Please set down, word for word, the line that contains "AC 110V-220V Input" and every line after it to the end of the entries below, omitting the pictures.

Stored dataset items
****************************************

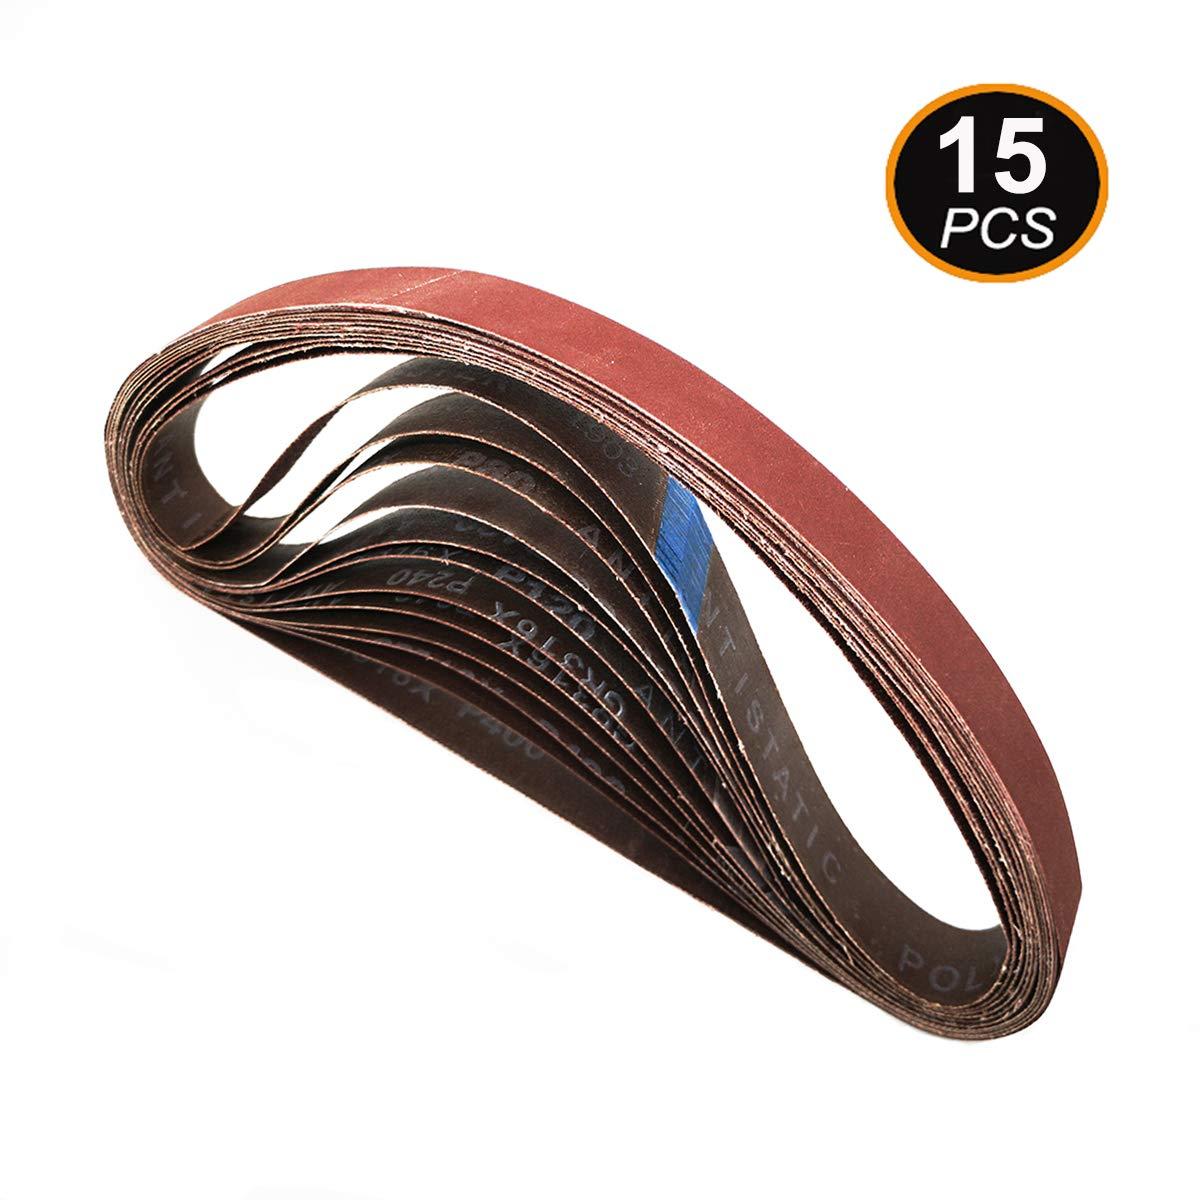 Aiyard 1 x 30-Inch Aluminum Oxide Sanding Belts, 40/80/120/240/400 Assorted Grits Abrasive Belts for Belt Sander, 15-Pack
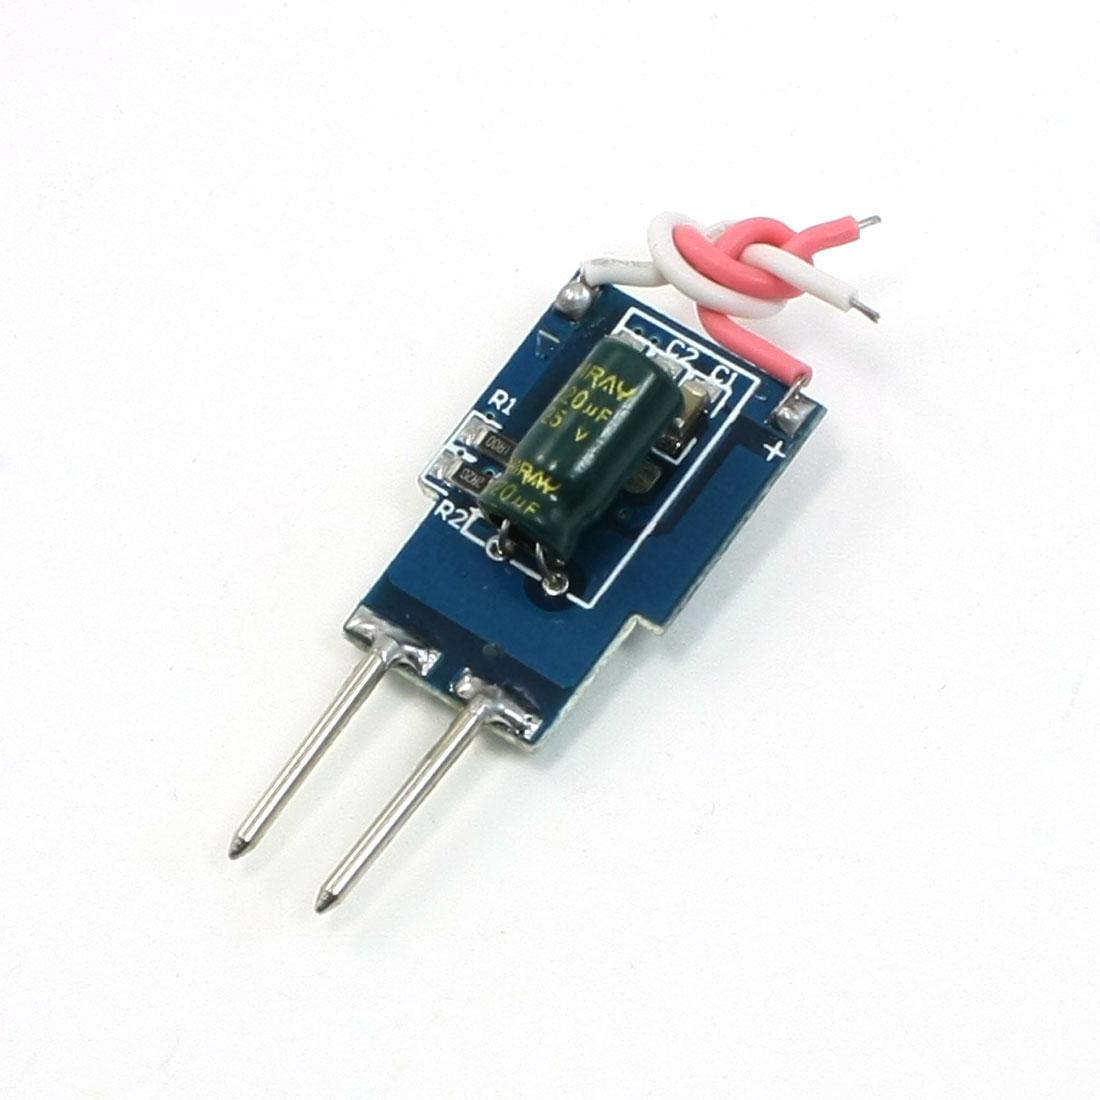 AC 110V-220V Input DC 8V-11V Output Power Supply Module for 4-7W LED Strip Light
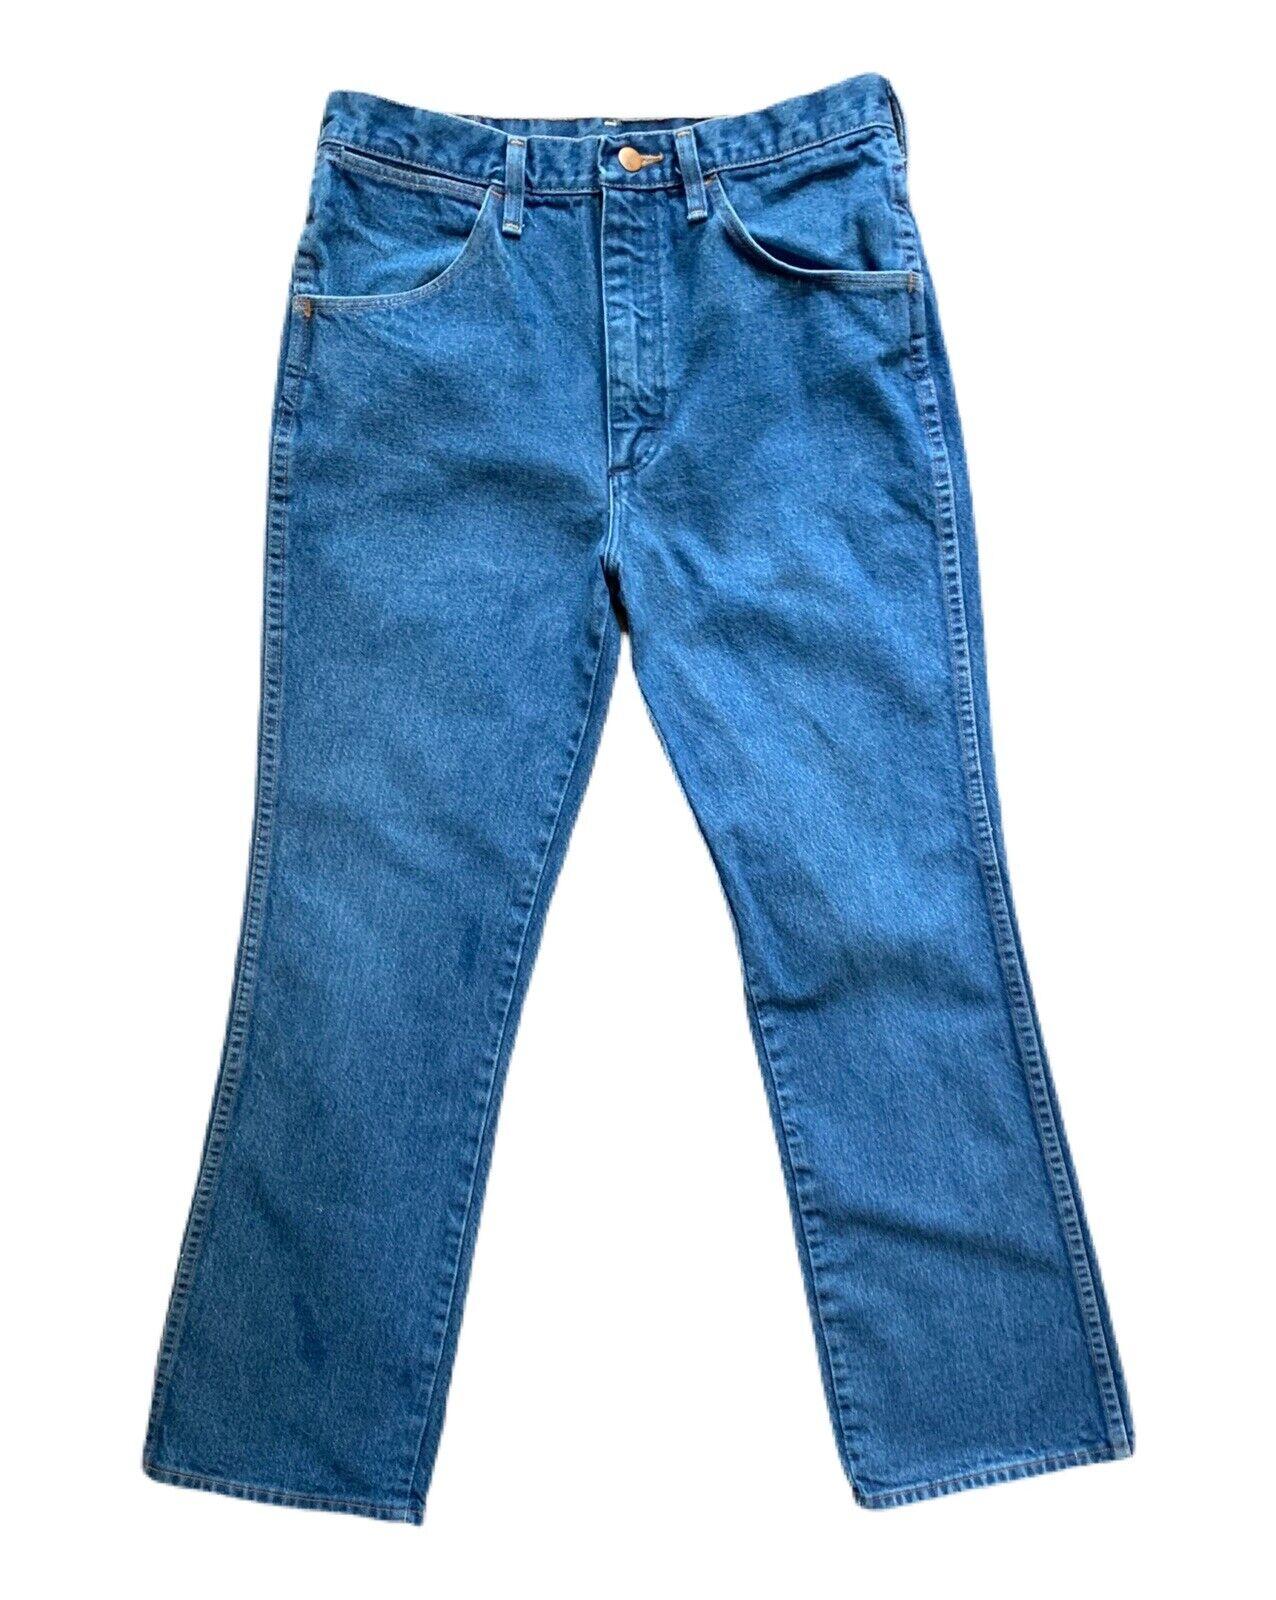 Wrangler Jeans Vintage Wrangler Jeans Wrangler Hi… - image 2
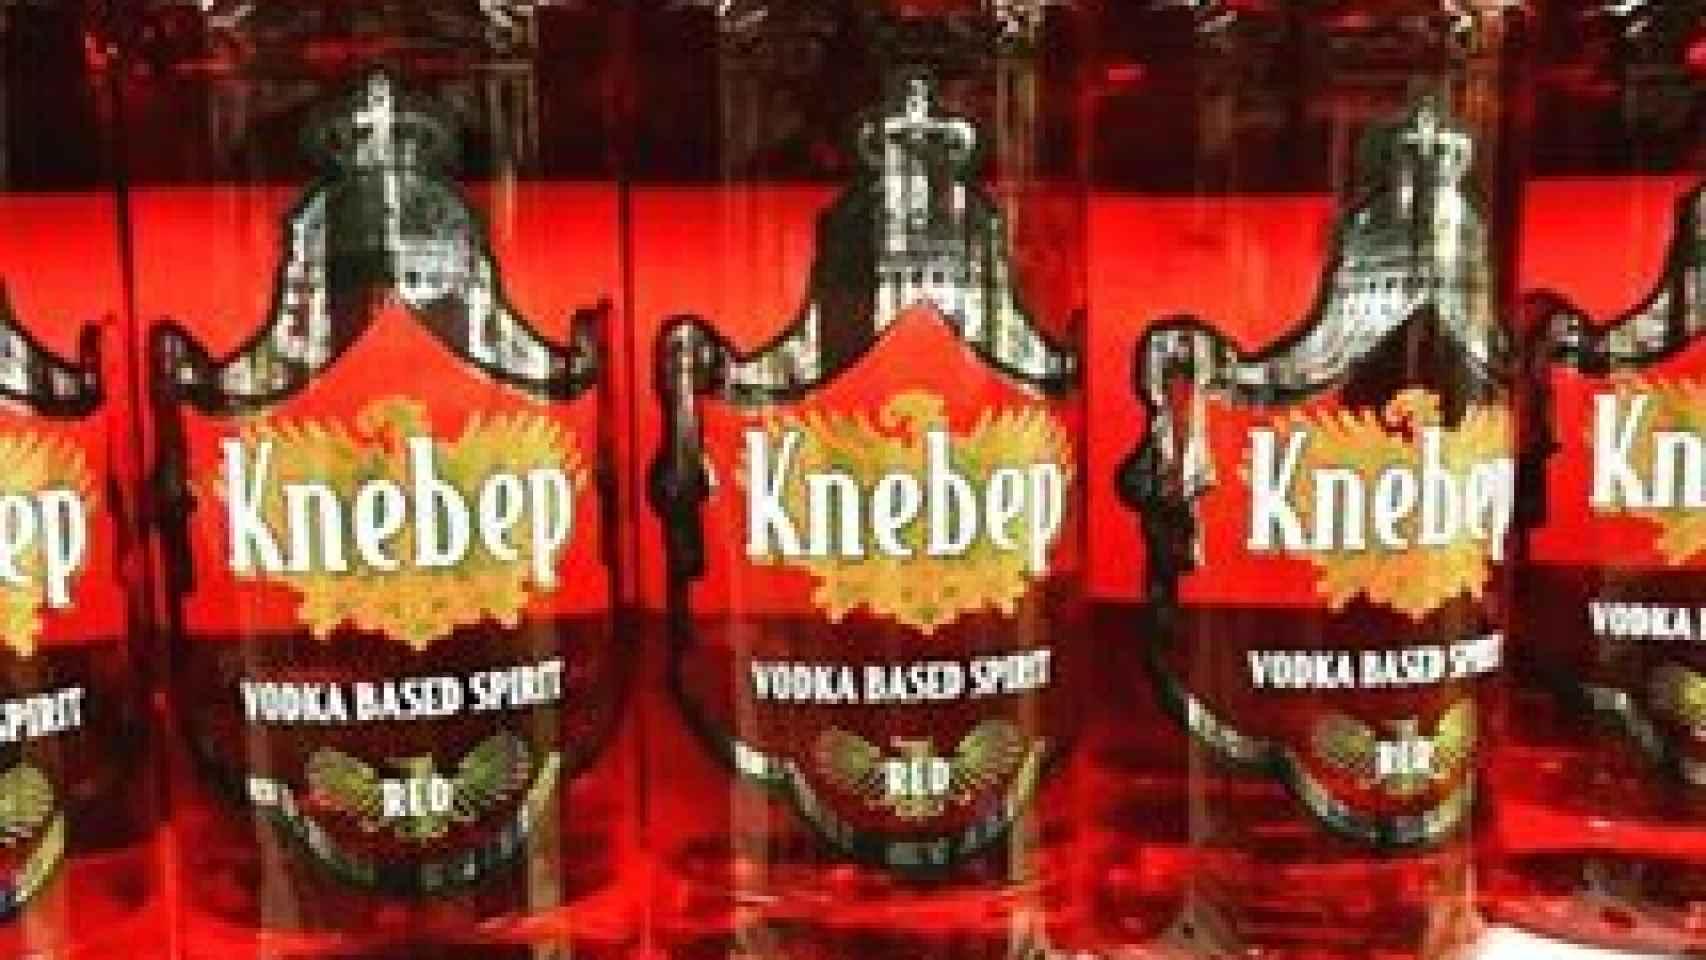 Botellas de vozka rojo de la marca blanca de Mercadona a 4,60 euros
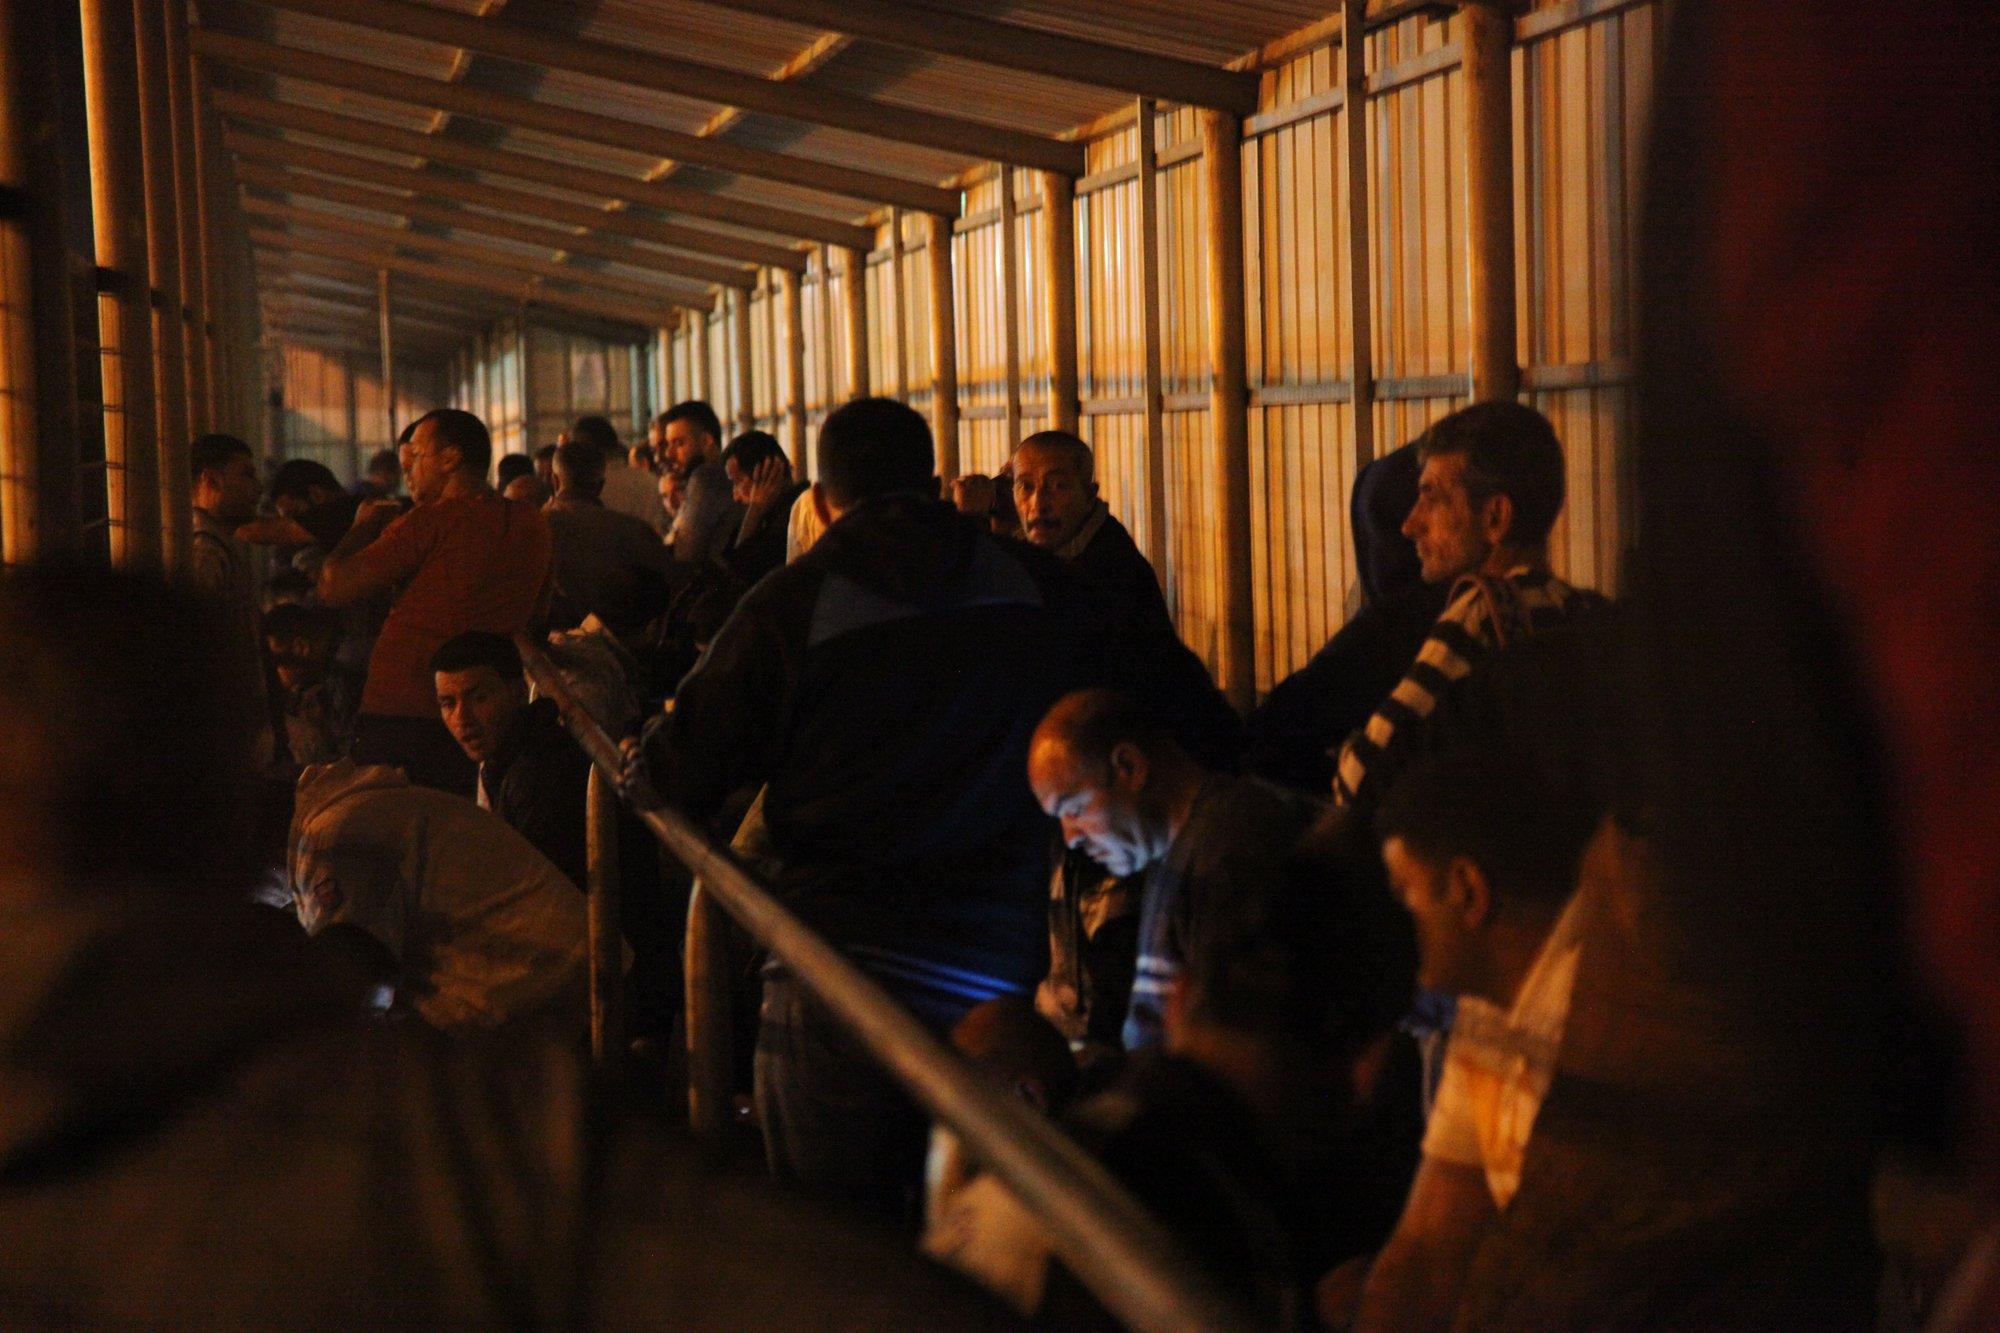 في يوم العمال معبر الذل الفلسطينيين العاملين في إسرائيل

****************************************

Output of the task =
 AC 110V-220V Input DC 8V-11V Output Power Supply Module for 4-7W LED Strip Light
 Wrangler Jeans Vintage Wrangler Jeans Wrangler Hi… - image 2
 Botellas de vozka rojo de la marca blanca de Mercadona a 4,60 euros
 في يوم العمال معبر الذل الفلسطينيين العاملين في إسرائيل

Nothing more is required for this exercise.